A collaborative blog for Current Affairs and Policy Debate

Being Popular And Being Right. Politicians Can’t Be Both.

In Constitutional Spotlight, Home Affairs on August 25, 2010 at 11:35 am

By Stephen Wan

When you ask someone what they would rather their MP did, what was good for the country, or what would get them re-elected, they almost invariably go for the former. People have an impression of politicians as self-interested, vote-grabbing, populists out to climb the greasy pole, more interested in good press than good policy. However, bad sounding though that caricature is, do we really want politicians to be any different? And in fact, doesn’t democracy require exactly that kind of attitude to exist?

The only power we the people have over the government is election time, at least every 5 years, when every Parliamentary seat is up for grabs. This is our one chance to keep our MP if we like the job they’ve been doing, or kick them out if we don’t. Everyone has one vote exactly, making it as fair as possible (let’s ignore the electoral system for now). And this is the time when the parliamentary candidates compete and offer whatever they think will get them elected, whether they believe in it or not.

Now, for some reason people seem to hate the idea that politicians will say whatever they think people want to hear in order to get them elected again. People would rather have ‘principled’ politicians, who ‘believe’ in what they stand for. I argue otherwise – in actuality, our democracy would be a lot stronger if politicians stood only for what will get them elected again. In other words, we would have a better democracy if politicians were complete self-serving and self-interested, rational actors.

Why? Because representative democracy is effectively the establishment of a ‘political free market’, where everyone has equal purchasing power, which they use to ‘buy’ a politician who they believe will most improve their own life, or do what the voter thinks is best for the country. Whoever gets the most purchases gets elected as the MP, and they need to ensure they do exactly what they said they would or else they won’t get elected again, in much the same as how a manufacturer needs to make sure their products don’t break down otherwise consumers will not buy from them again.

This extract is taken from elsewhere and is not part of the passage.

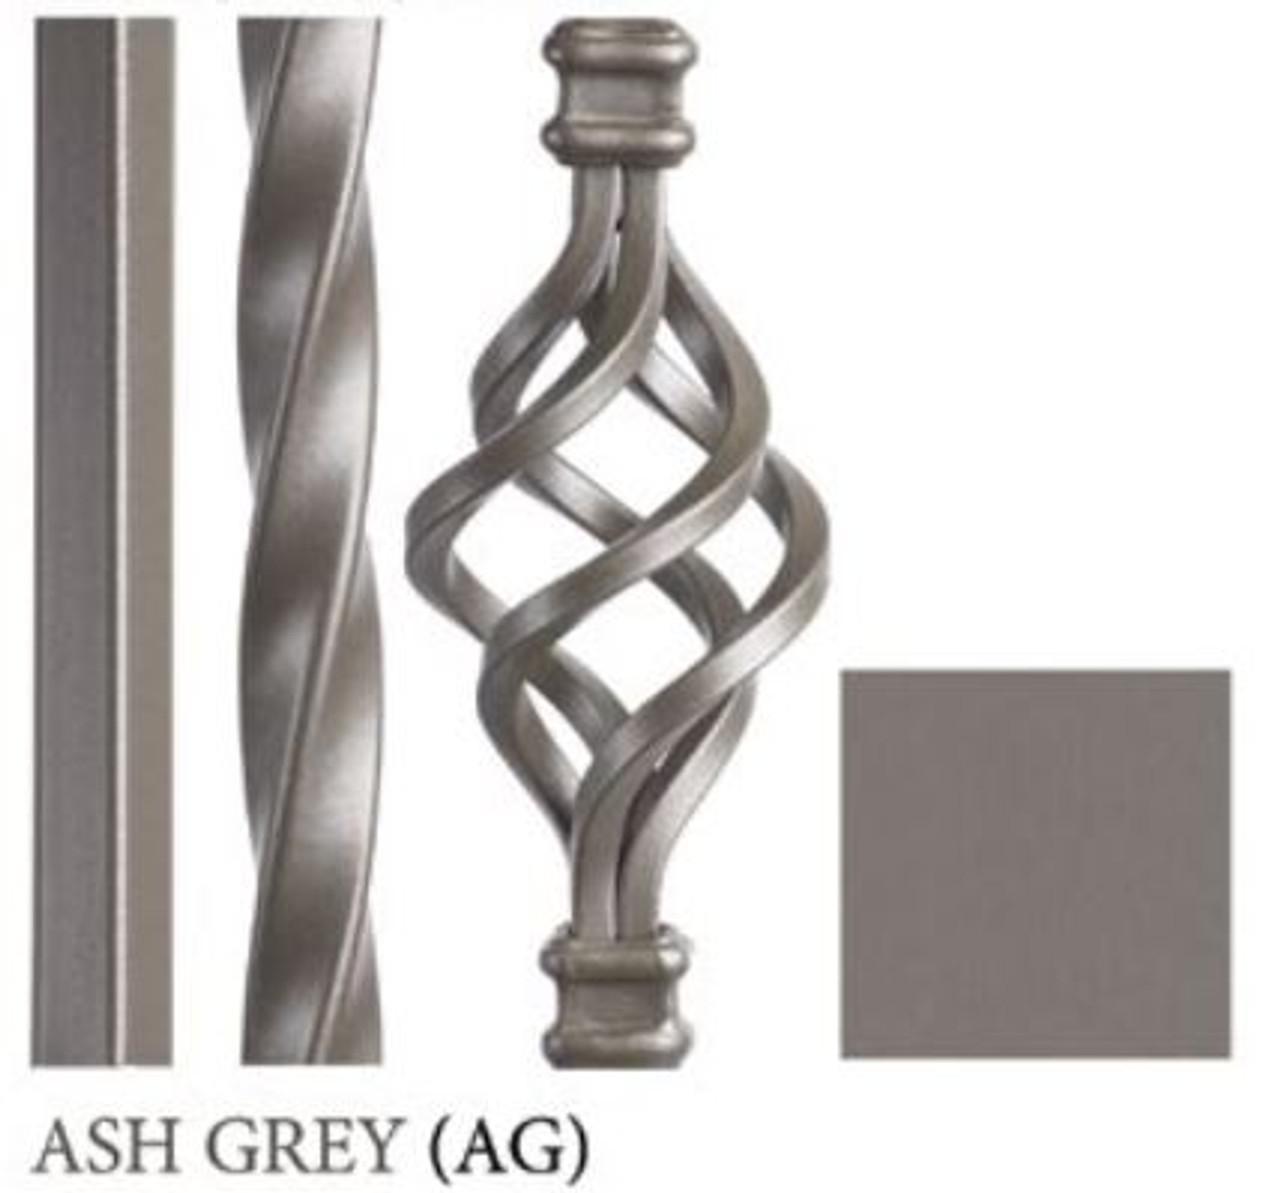 Ash Gray Powder Coating

If, on the other hand, we had politicians with so-called ‘principles’, and we voted for them, how do we know they’ll do what we want them to do? They could, for example, take us into an unwinnable war in a middle eastern country which we have no interest in, strategic or otherwise, apart from perhaps some natural resources we would like to exploit, leading to the deaths of hundreds of our soldiers. Hypothetically mind you – surely this could never happen in real life?